Als Thür ihr die Liste von abwertenden Adjektiven vorliest, mit denen sie in der Vergangenheit ÖVP und SPÖ bedacht hat, schmunzelt Meinl-Reisinger zunächst. Dann lacht sie offen und wirkt entwaffnend ehrlich, als sie Thürs Frage „Und mit solchen Parteien wollen Sie koalieren?“ immer noch lächelnd, gleichzeitig ruhig und bewusst artikulierend, beantwortet mit:
„Also ich muss sagen, vieles von dem ist ja durchaus richtig. Aber trotzdem müssen wir schauen, in einer Demokratie, und ich habe ja da durchaus vor meiner eigenen Türe gekehrt, was die Art und Weise der Zusammenarbeit und vielleicht auch der Rhetorik angeht. [...] So kanns nimmer weitergehn, dieses Feindbild-Denken. Und das eine oder andere ist vielleicht etwas übers Ziel hinausgeschossen gewesen, auch von mir rhetorisch [...]. Aber der Punkt ist doch, wir müssen doch schauen, was gemeinsam geht. Und wir sind doch in der Verpflichtung den Menschen gegenüber, zu zeigen, dass es anders geht.“
In diesem dreimal wiederholten „doch“ und der Betonung der „Verpflichtung“ zeigt sich ihr Bewusstsein dafür, dass es darum geht, Gegensätze zu überwinden, auch gegen mögliche eigene Widerstände.
Selbstreflexion und Kooperation
Bereitschaft zur Selbstreflexion scheint Meinl-Reisinger wichtig. Und man nimmt ihr ab, dass sie es ernst meint mit der Kooperation, auch wenn sie sich gleichzeitig entschlossen zeigt, was ihre eigenen Überzeugungen angeht. Diesen Willen betont sie öfter, auch als Bedingung für Fortschritte in der politischen Zusammenarbeit: „Wo verlangen wir Kooperation?! Es geht net ums Fingerzeigen, es geht net darum, Verantwortung abzuschieben, [...] es geht darum, dass wir die Zusammenarbeit brauchen!“
Konkrete Kommunikation
Auffällig, auch im Vergleich mit anderen Kandidat:innen: Meinl-Reisinger antwortet so konkret wie möglich. So nennt sie beispielsweise spezifische Beispiele für Einsparungsmöglichkeiten: „Diese hohe Parteienförderung [...], die gehört halbiert!“, was erstens zeigt, dass sie bereits einen Plan hat, und zweitens, dass sie auch bereit ist, bei der Politik selbst zu sparen.
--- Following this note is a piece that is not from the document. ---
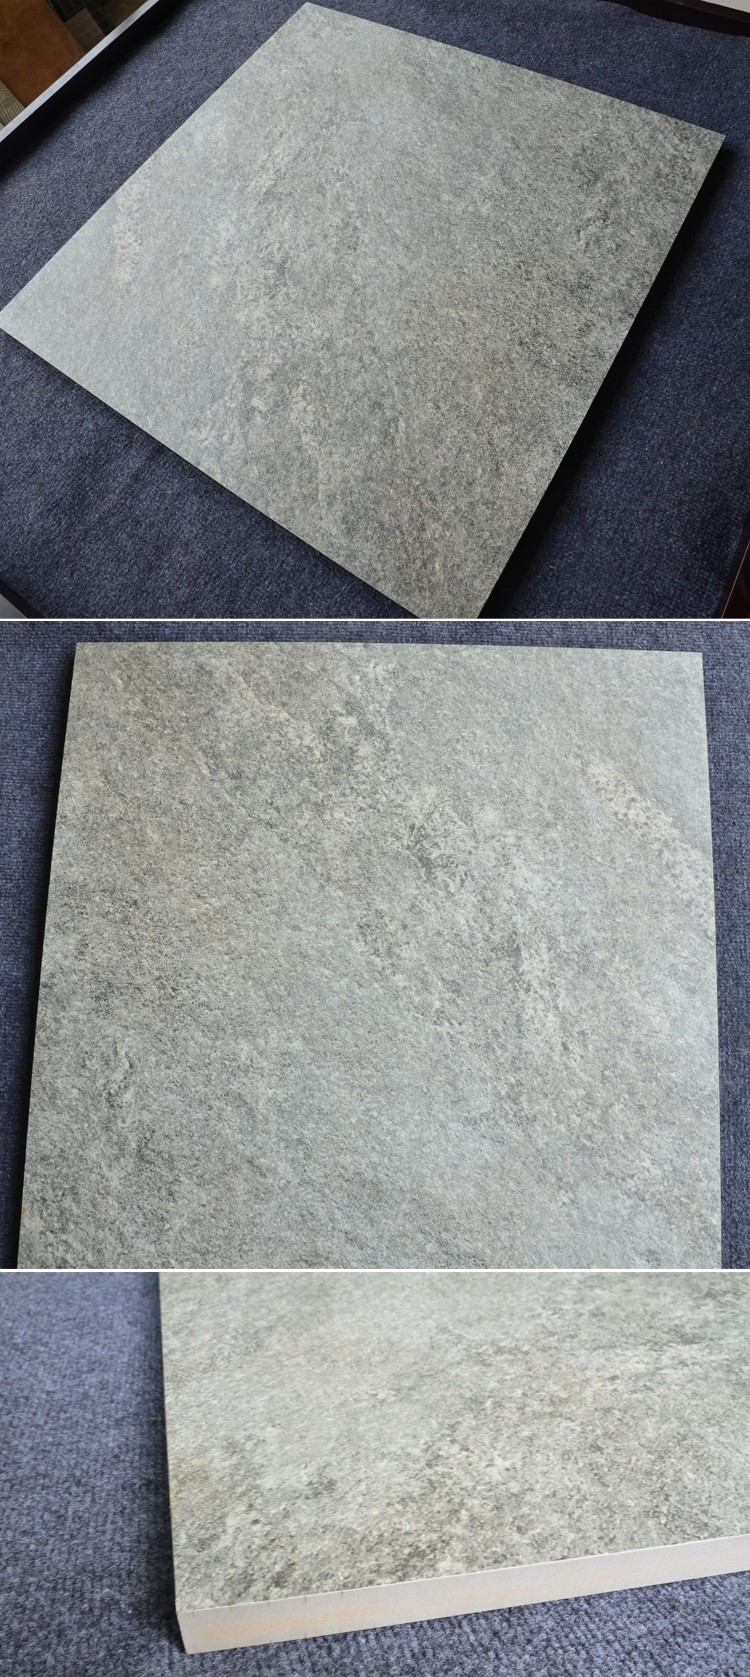 Ha624u cement tile floorpaver tilecement color floor tile matt ha624u cement tile floorpaver tilecement color floor tile matt finish dailygadgetfo Images

Keine Scheu vor unangenehmen Wahrheiten
Ein weiteres Verhalten, das sie vertrauenswürdig erscheinen lässt, ist ihre Bereitschaft, auch deutlich unangenehme Wahrheiten auszusprechen und dem Publikum zuzumuten: „Und weil sie mich ja gefragt haben, wegen dieser Pensionsreform, ich möchte ihnen da nicht ausweichen. Wenn sie mittel bis langfristig ausgabenseitig reformieren, sodass wir endlich wieder Menschen entlasten können, dann sagen Ihnen das alle, werden Sie um eine Pensionsreform nicht umhinkommen.“
Dabei argumentiert sie sachlich, dass seit den 1970er Jahren die Lebenserwartung um mittlerweile acht oder neun Jahre gestiegen sei und erlaubt sich laut und deutlich auszusprechen: „[...] das weiß ja jeder, das geht sich nicht aus!“ Das ist nicht unbedingt populär. Aber sie zeigt damit im Grunde Respekt für die Bürger:innen, indem sie sich erlaubt, ihnen auch Unangenehmes zuzutrauen, anstatt sie zu belügen.